How much equity can I take out of my home? Although the amount of equity you can take out of your home varies from lender to lender, most allow you to borrow 80 percent to 85 percent of your home's appraised value.

How much can I borrow for house renovations? ›

Many banks offer up to £500,000 at around 3.5% to 5.0% interest, but there is no significant discount for smaller sums repaid over short periods. If you have sufficient equity in your current home to fund the renovation, including the purchase, you could use a bridging loan (the other option is to re-mortgage):

What should I start first in renovation? ›

The kitchen should always be one of the first projects to tackle because homeowners want to make a good first impression, and it is one of the rooms where guests spend the most time. “This renovation includes new cabinets, flooring, appliances, countertops and often, the layout, to open up more space,” Muller says.

How much do you have to put down on a 203k loan? ›

Down payment: The minimum down payment for a 203(k) loan is 3.5% if your credit score is 580 or higher. You'll have to put down 10% if your credit score is between 500 and 579. Down payment assistance may be available through state home buyer programs, and monetary gifts from friends and family are permitted as well.

What is the maximum amount for a 203k loan? ›

How much can I borrow with a 203(k) loan?
Loan typeStandard 203(k) loan
Minimum improvement cost$5,000
Maximum improvement costLesser of Purchase price plus rehab costs, or 110% of the after-repair home value
27 Jun 2022

Will bank give loan for more than appraised value? ›

The short answer is yes. Many lenders take market conditions into account when making lending decisions, and in a strong seller's market, they may approve loans for buyers whose offers surpass appraised values, but depending on the loan to value your mortgage terms may need to be adjusted.

Can you loot an abandoned house? ›

Taking stuff from abandoned houses without permission is illegal. Even though the house may be abandoned, it still belongs to somebody, including any contents inside. So taking anything would be considered theft. Also, damaging the property by any means is also illegal.

What is an uninsurable home? ›

Uninsurable property is a home that is not eligible for insurance through the Federal Housing Administration (FHA) because it is in need of extensive repairs.

What makes a house Unmortgageable? ›

But as a rule of thumb, the following situations will likely make a property unmortgageable. Properties without a kitchen or bathroom. Properties with any kind of structural defect, damp, dry or wet rot. Properties close to mining works, areas of landfill, areas of recent flooding or subsidence.

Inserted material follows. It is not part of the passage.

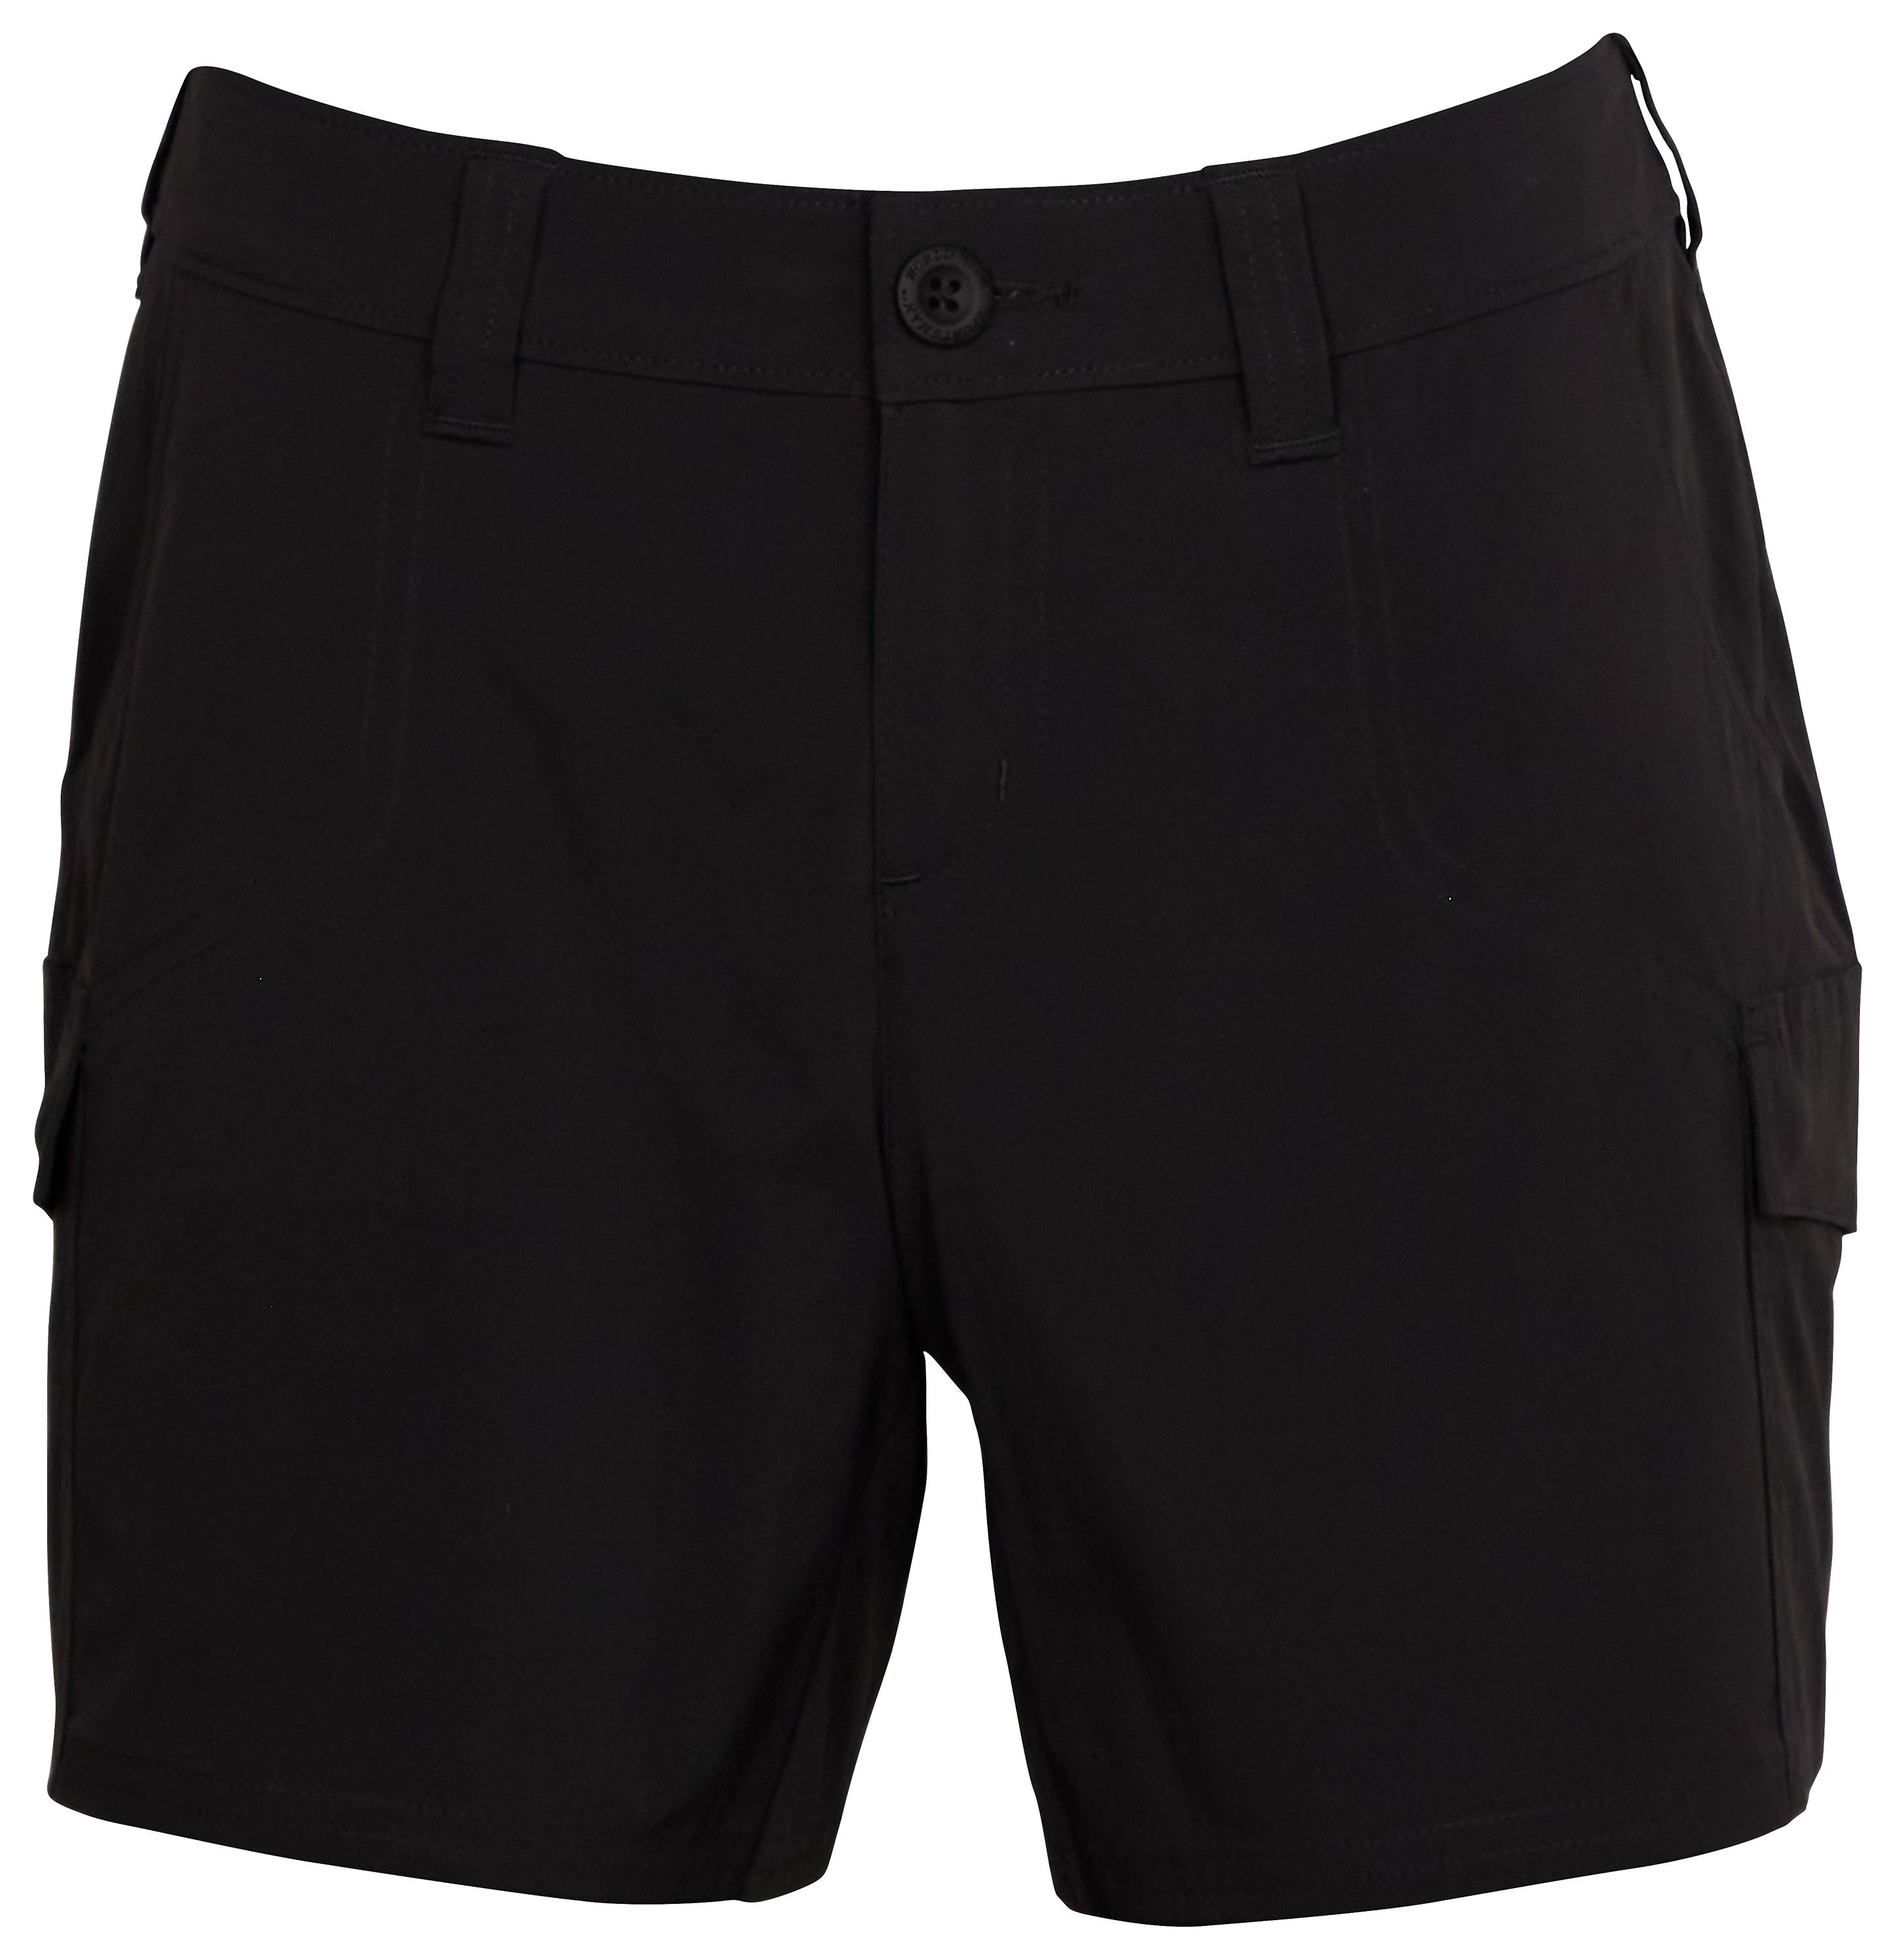 World Wide Sportsman Ripstop Cargo Shorts for Ladies - Jet Black - 2
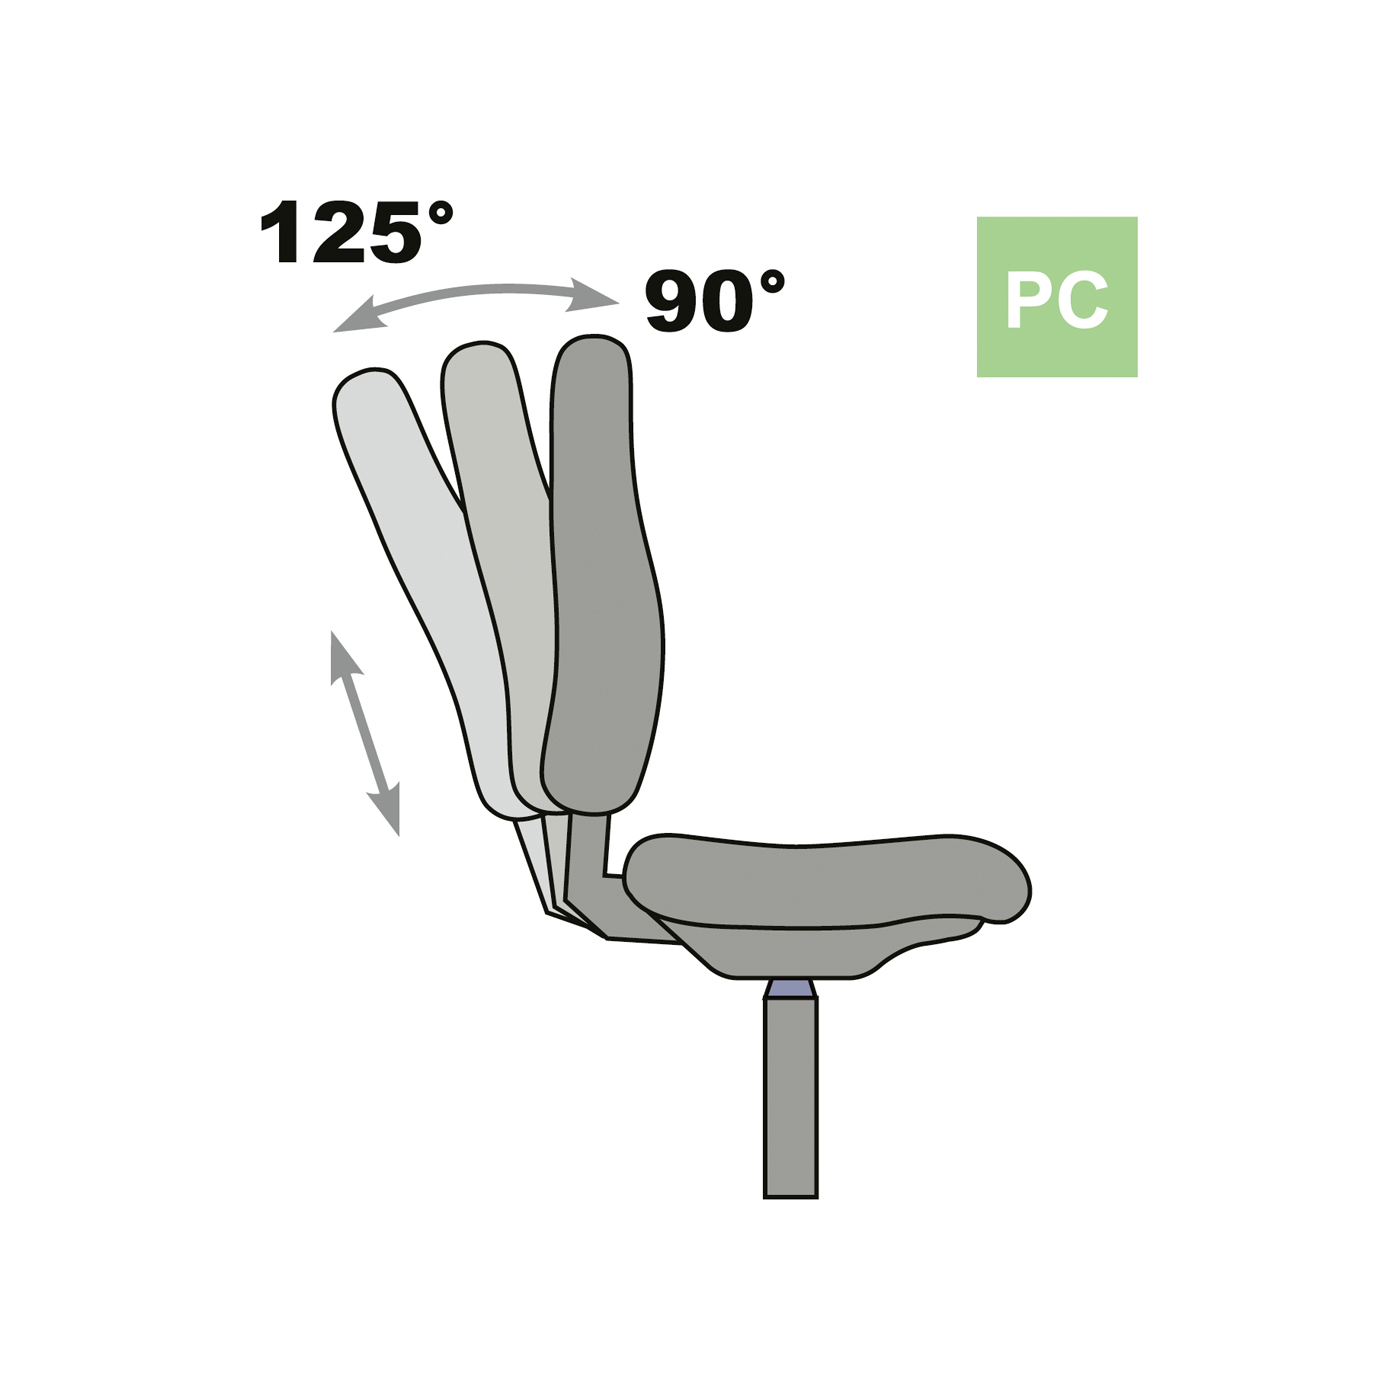 Tec basic Swivel Chair, PC Technique, PU - 1 piece

What credit score is needed for a home improvement loan? ›

The credit score needed for a home improvement loan depends on the loan type. With an FHA 203(k) rehab loan, you likely need a 620 credit score or higher. Cash-out refinancing typically requires at least 620. If you use a HELOC or home equity loan for home improvements, you'll need a FICO score of 660-700 or higher.

What is the monthly payment on a $100 000 home equity loan? ›

Loan payment example: on a $100,000 loan for 180 months at 7.59% interest rate, monthly payments would be $932.13.

Is the government giving grants for home improvements? ›

What help is available? Grants of up to £5,000 are available to meet the cost of major repairs and essential improvements to your home.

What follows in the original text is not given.